Dataset extract
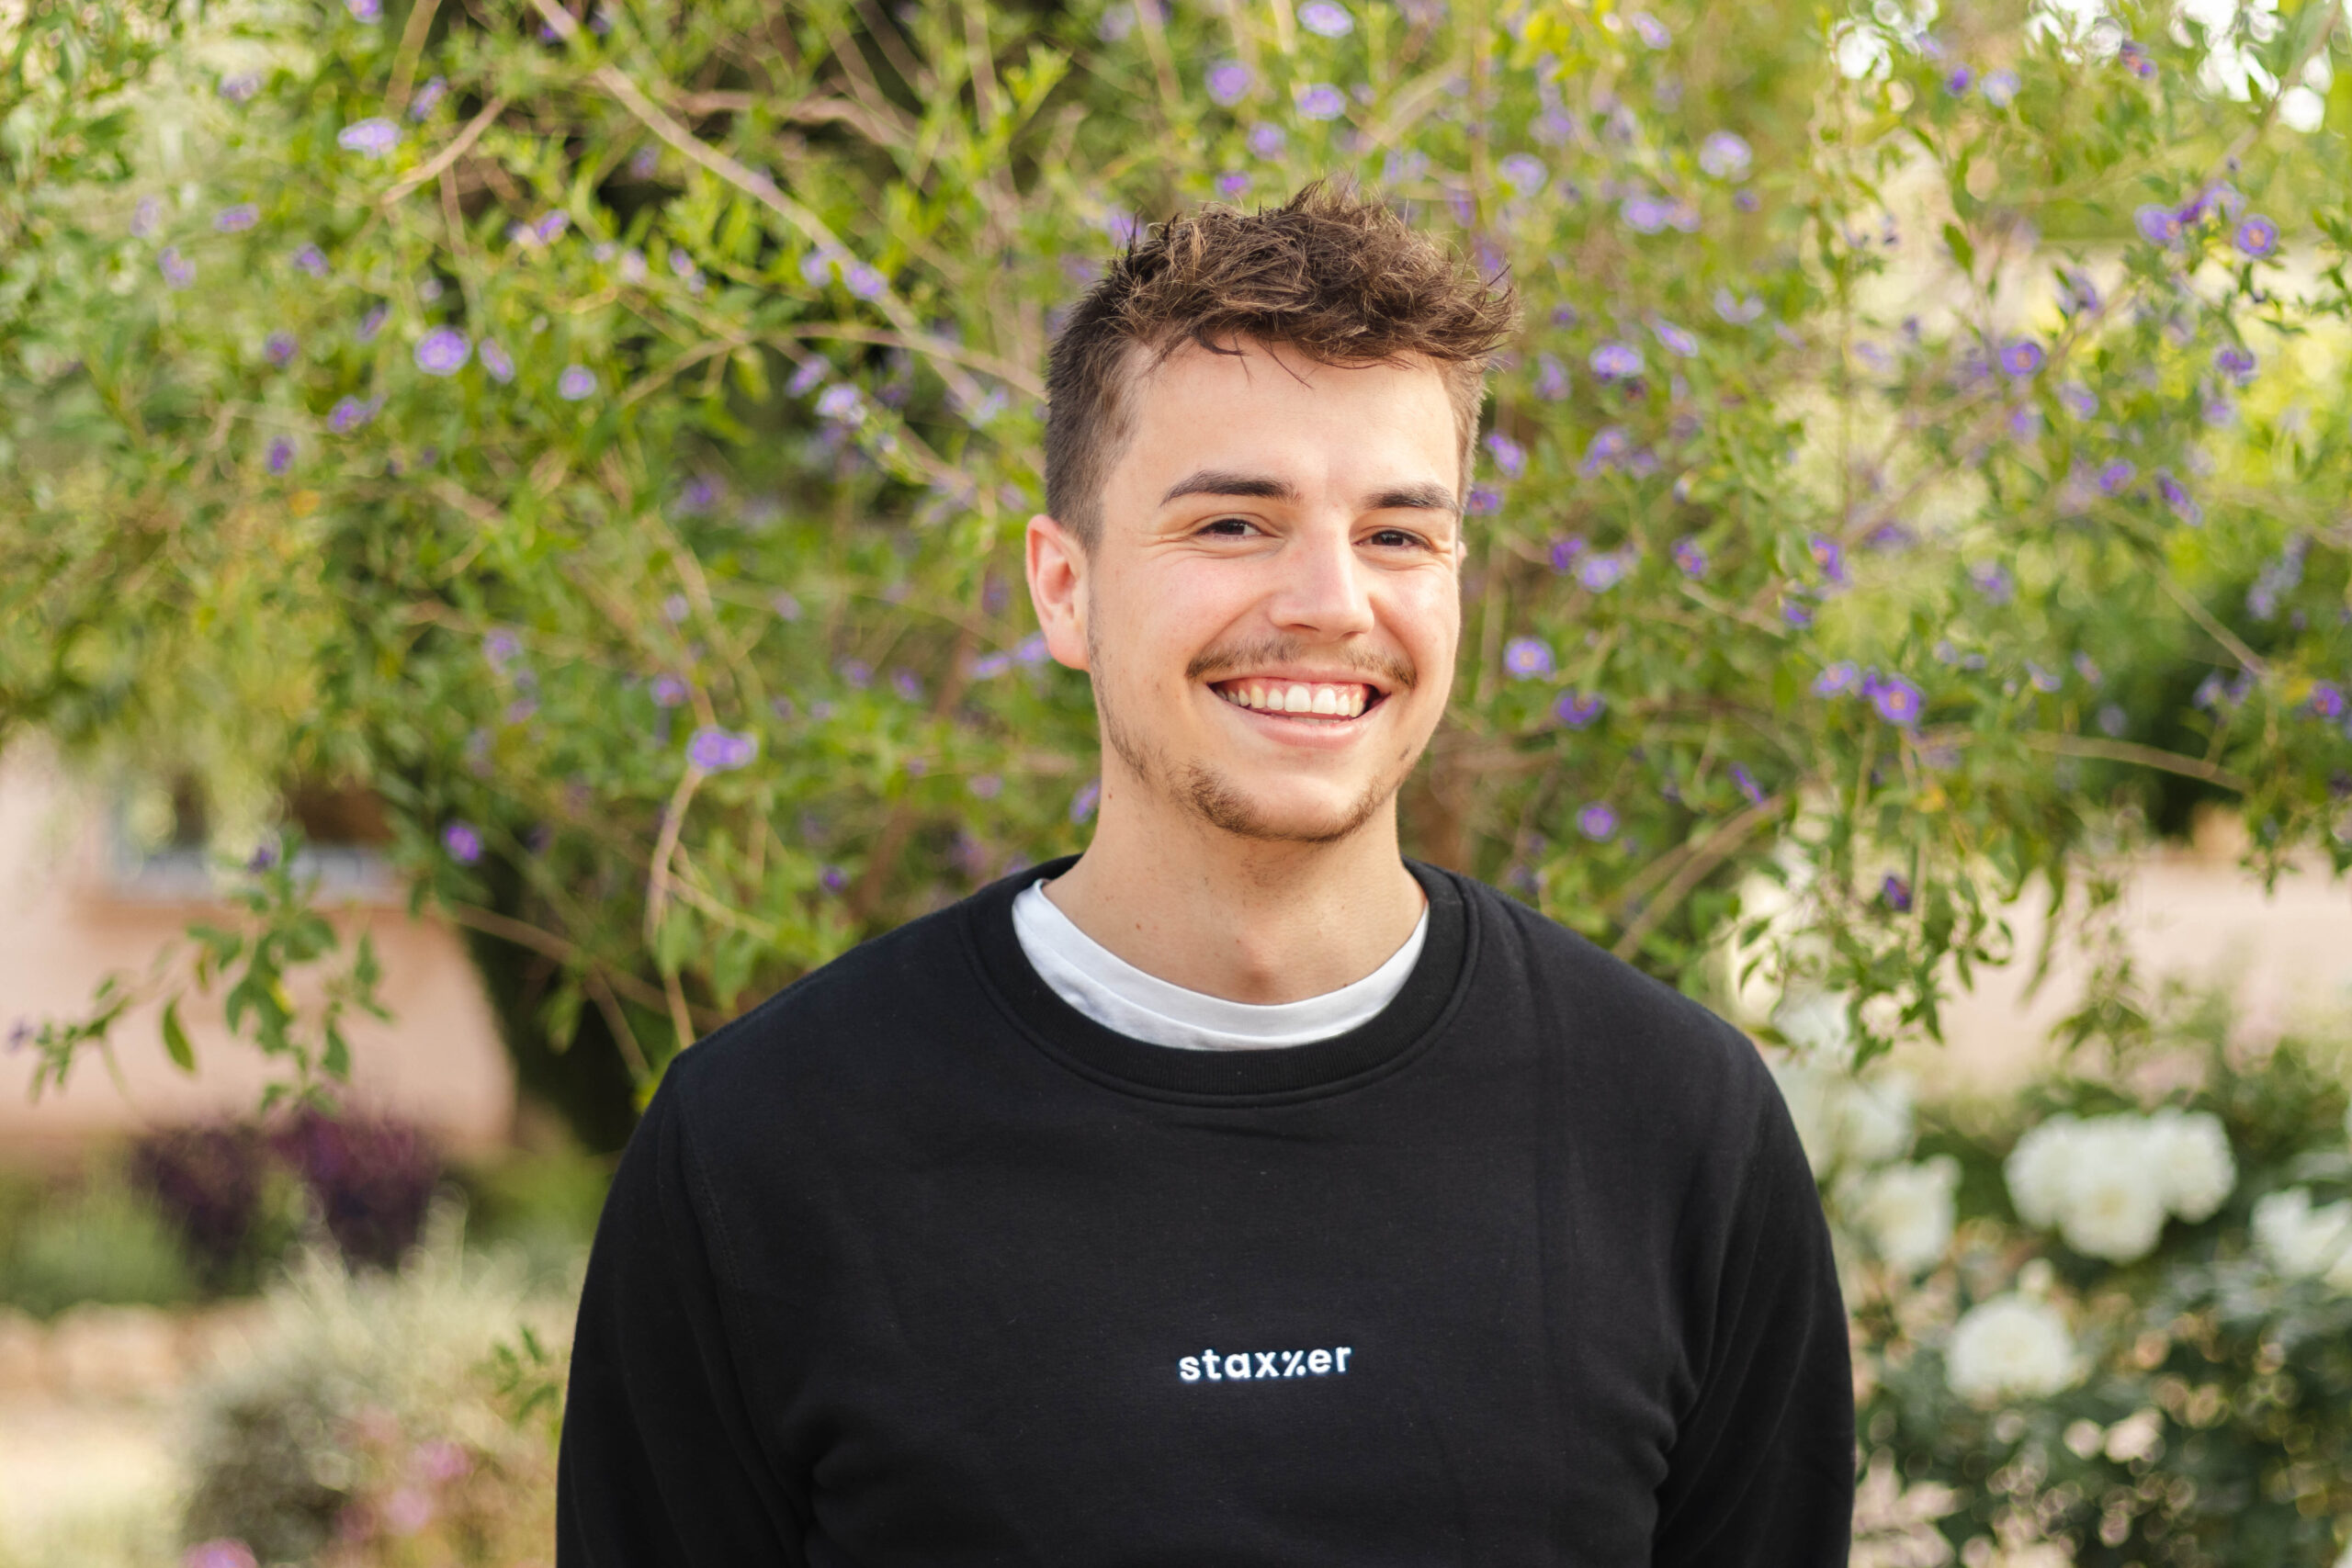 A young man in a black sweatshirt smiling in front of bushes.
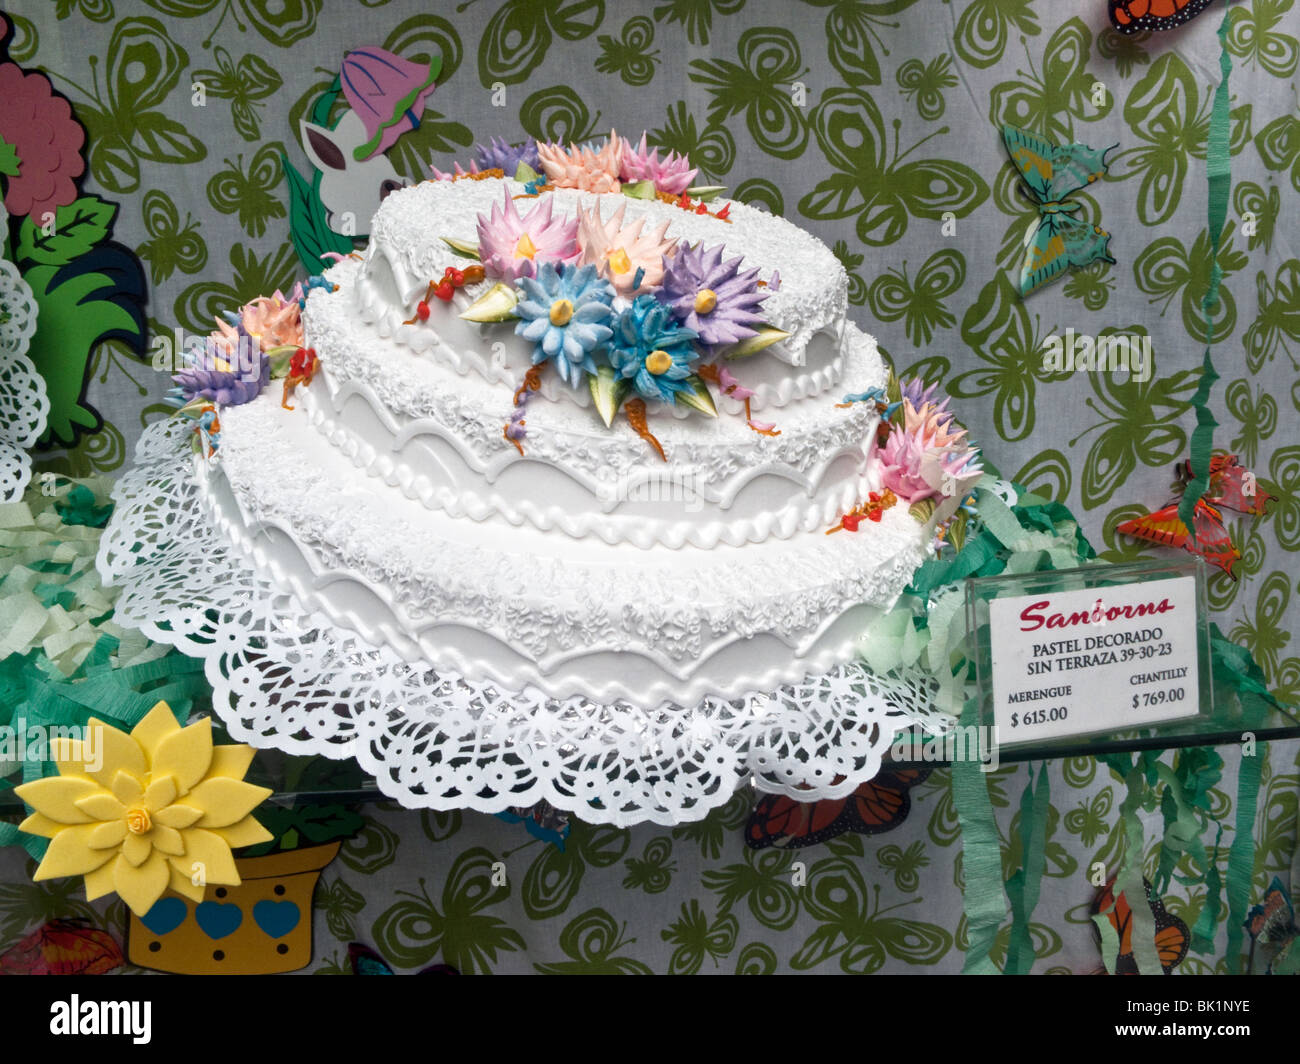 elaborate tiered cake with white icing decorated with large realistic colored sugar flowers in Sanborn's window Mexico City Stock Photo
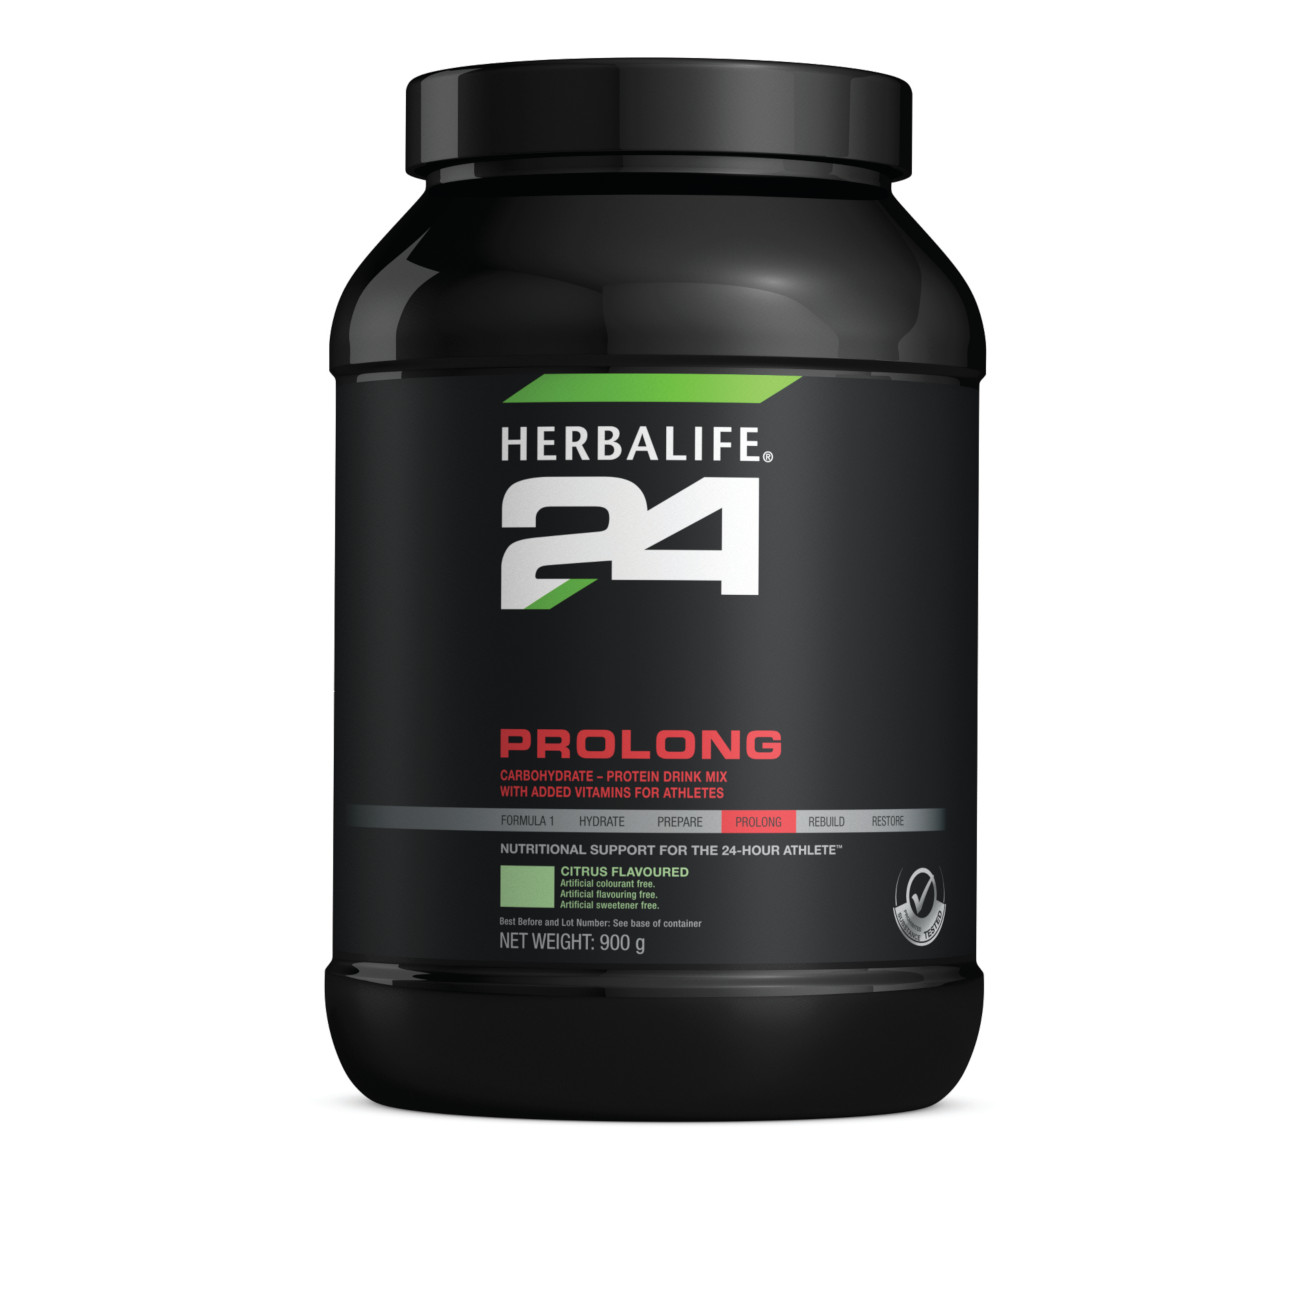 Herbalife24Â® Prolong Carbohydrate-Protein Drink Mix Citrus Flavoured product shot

Assigned task
Using the data above, print every line exactly, omitting pictures.

Written solution
 A young man in a black sweatshirt smiling in front of bushes.
 elaborate tiered cake with white icing decorated with large realistic colored sugar flowers in Sanborn's window Mexico City Stock Photo
 Herbalife24Â® Prolong Carbohydrate-Protein Drink Mix Citrus Flavoured product shot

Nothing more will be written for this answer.